Signal-android: Violation of the conditions of the GPL and the Free Open Source Software definition

Hey @rickbarton , to my knowledge we have not forbidden anything. People have requested that _we_ distribute official binary APKs outside of the Play Store, which we are currently choosing not to do for several reasons (#127, #281). If we can address those issues we would be happy to distribute binary APKs.

However, this does not "forbid" anyone else from doing whatever they please. We would not recommend that anyone use an unofficial binary build, and we would strongly and very publicly encourage users not to do so, but that doesn't prevent you from doing whatever it is you'd like.

If what you'd really like to see is _us_ distributing "official" binary APK builds outside of the Play Store, I think your efforts would be better spent contributing to the development of the missing pieces that would allow us to safely and securely do that than to threaten us with (incorrect) legal action.

@rickbarton you're interpretation of opensource licenses is plainly and completely wrong.

1) There's no way an opensource author is forced to publish his code in any special place. As long as all authors agree, they can even stop publishing it at one point

2) if an author of an opensource app "begs" a publisher/an appstore provider to remove the software, the appstore provider can simply ignore it, because when the software is open source, they can do what they want. so any "forbidding" is simply ineffective, can be ignored

So, fdroid can very well simply continue to build it's own version from the source and publish it, as they have done from the start. But they shall take care to properly update it always and in time, e.g. meintain the package properly, in a way a package maintainer of a linux distribution must act responsibly.

"We would not recommend that anyone use an unofficial binary build, and we would strongly and very publicly encourage users not to do so," - it's kind of a standing principal that a open source user is encouraged to build their own binary from source. That's considered the ideal self-responsible / report odd things netizen way. Of course, many don't do it, but the option being there isn't exactly a minor appeal...

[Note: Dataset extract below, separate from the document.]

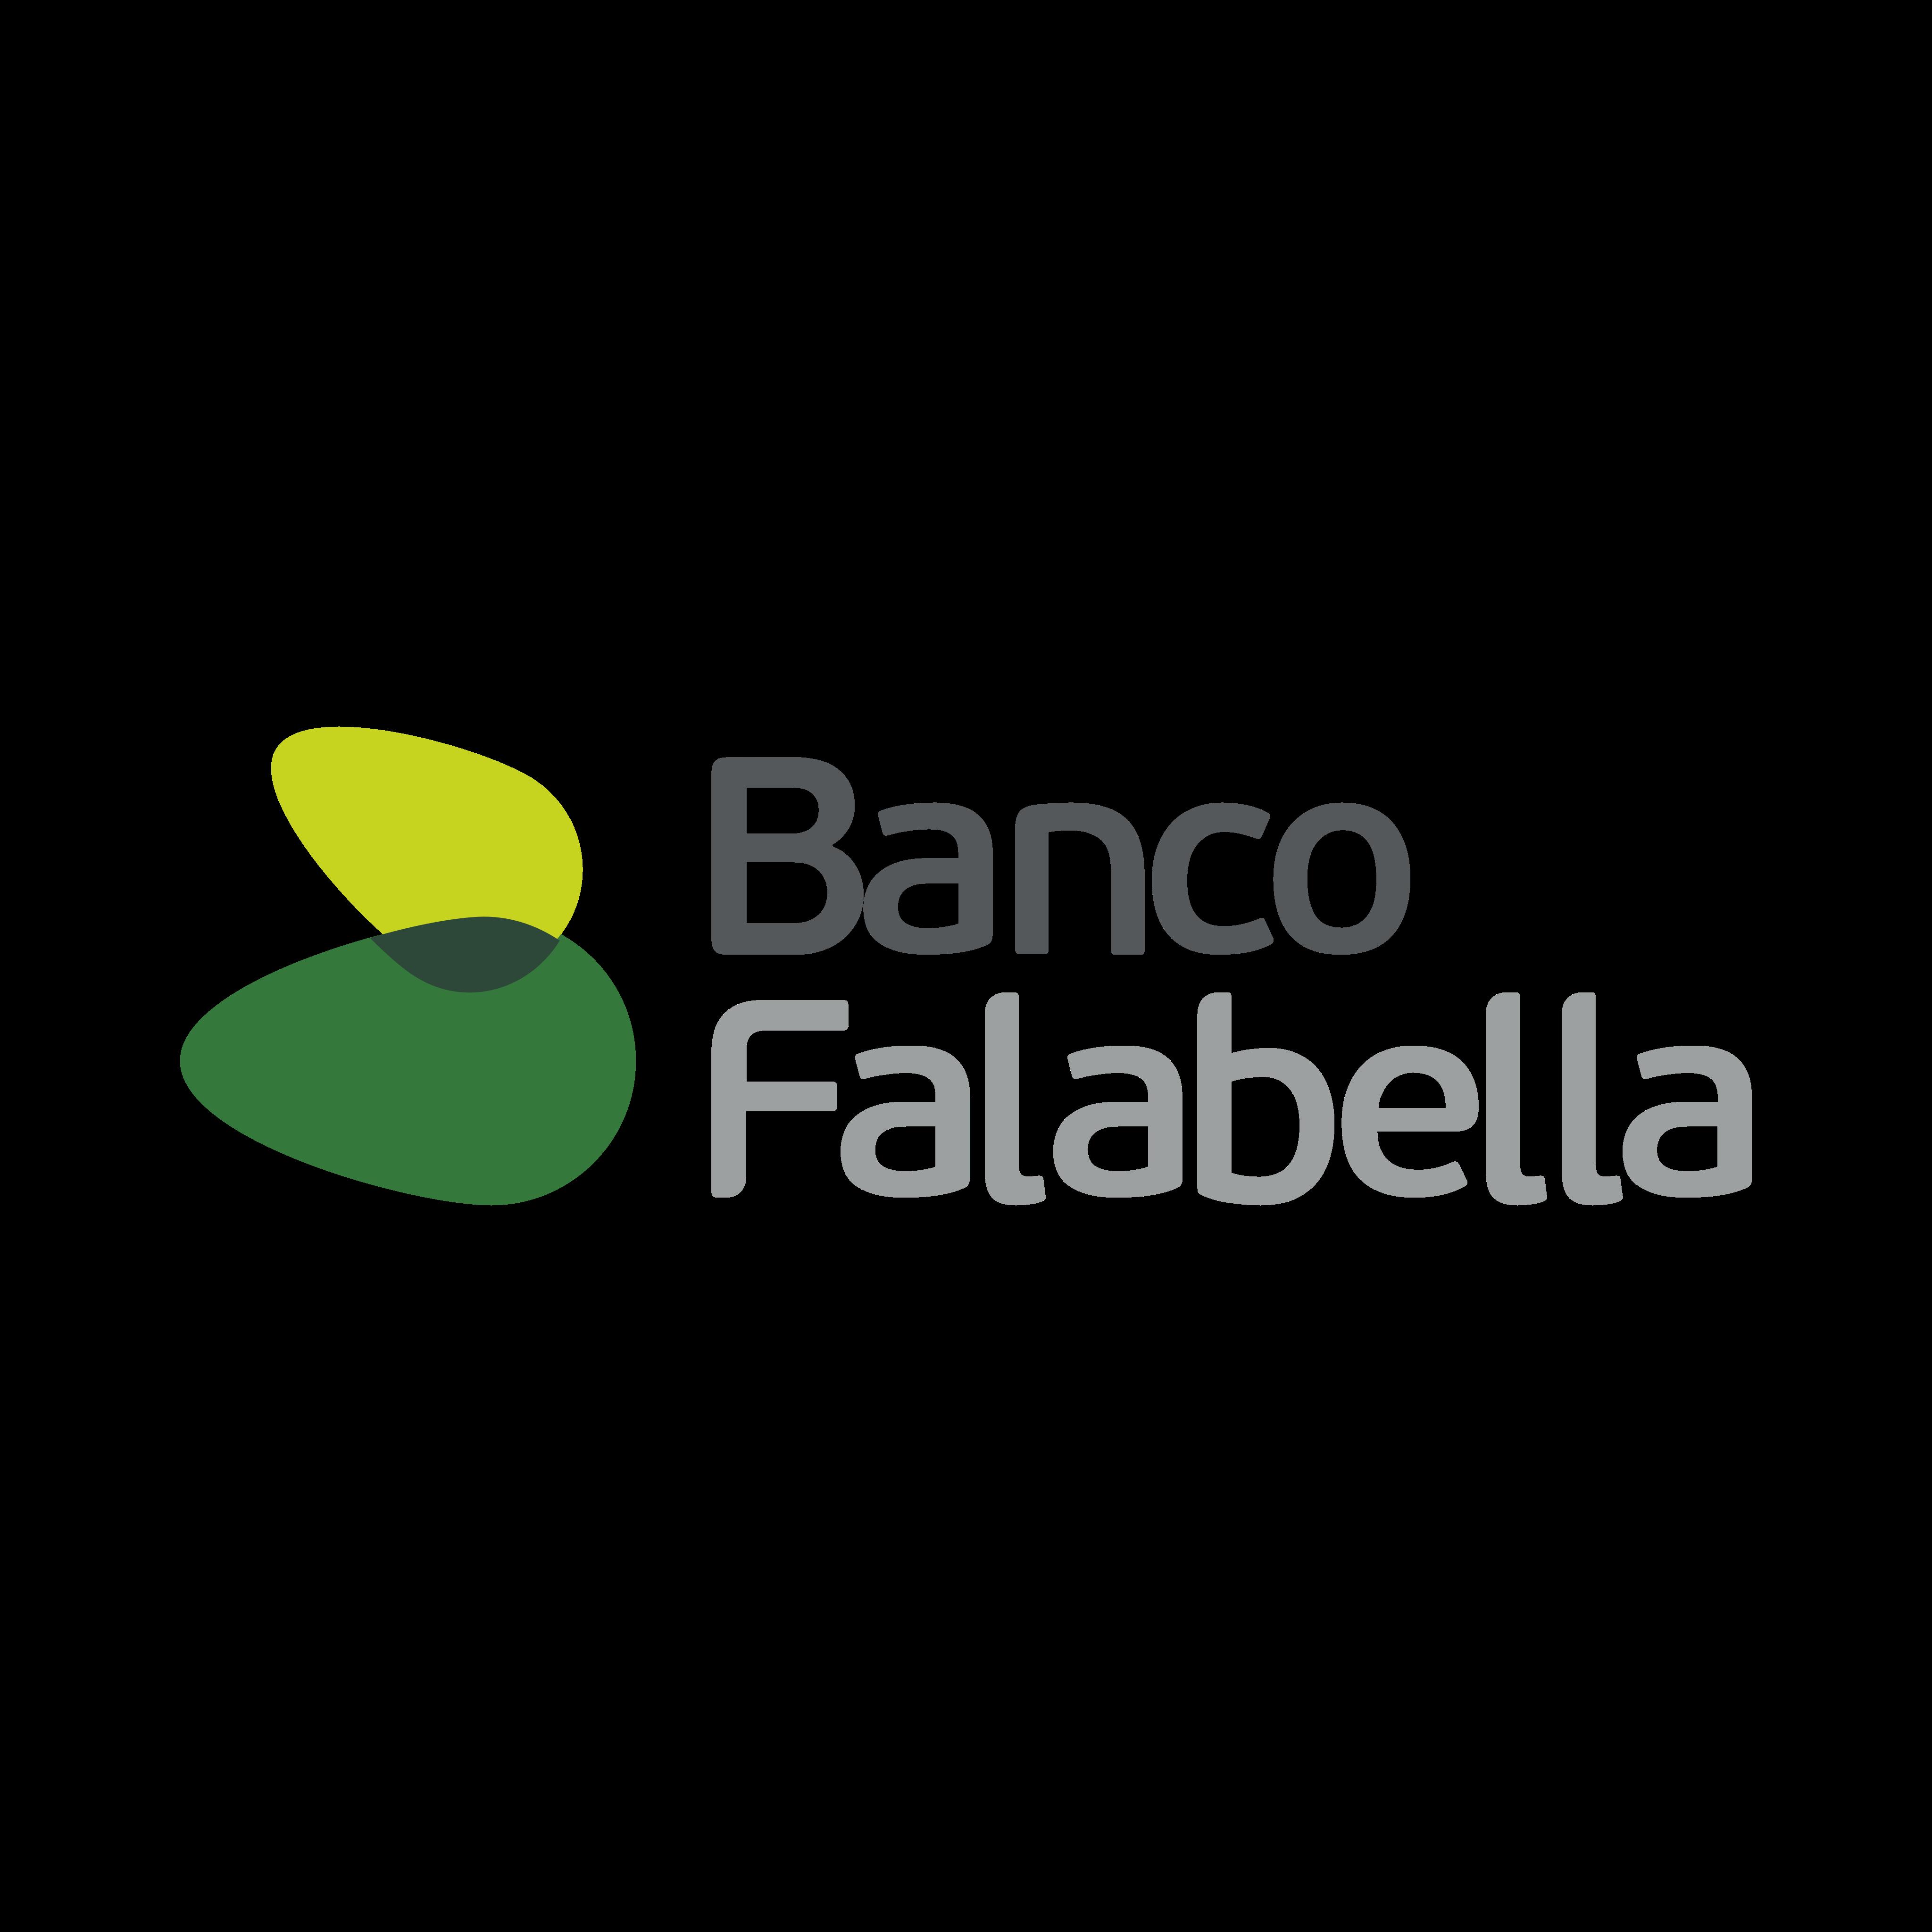 banco falabella logo 0 - Banco Falabella Logo

Example: in a world of NSA/KGB/etc acceptance - how can a peace activist assume that Google's cloud hasn't been tampered with - and providing signed copies that are altered in some subtle way? or that the store app has been tampered with in some way / or SSL certs are faked /etc.

Having a source tarball and digest hash of it public on several known websites is kind of a tradition for security sake. Especially with it turns out down the rad someone binds some evidence of tampering and wants to know how long it was in the wild before discovery...

@RoundSparrow It's a completely different thing to use an unofficial build and to compile your own binary.

""We would not recommend that anyone use an unofficial binary build" - language does not encourage you to build your _own_ unofficial binary build. And then you get into the concept of trusted distributors - example Debian, etc. Even Red Hat is compiling and distributing Android apps these days - especially security related. cite: https://play.google.com/store/apps/details?id=org.fedorahosted.freeotp&hl=en

The Google Play store requires an address and payment - so open source can run into paradox of needing a trusted distributor. But all this is expansion from my original point of the language being a oversight to open source tradition of building your own code or community trust.

This isn't a grammar or surface expression issue. It's an ideal. Encouraging users to build from source and having updated instructions on source dependencies and building is encouraged.

P.S. I believe the F-Droid repository doesn't have it - they seem stuck on Google cloud dependencies.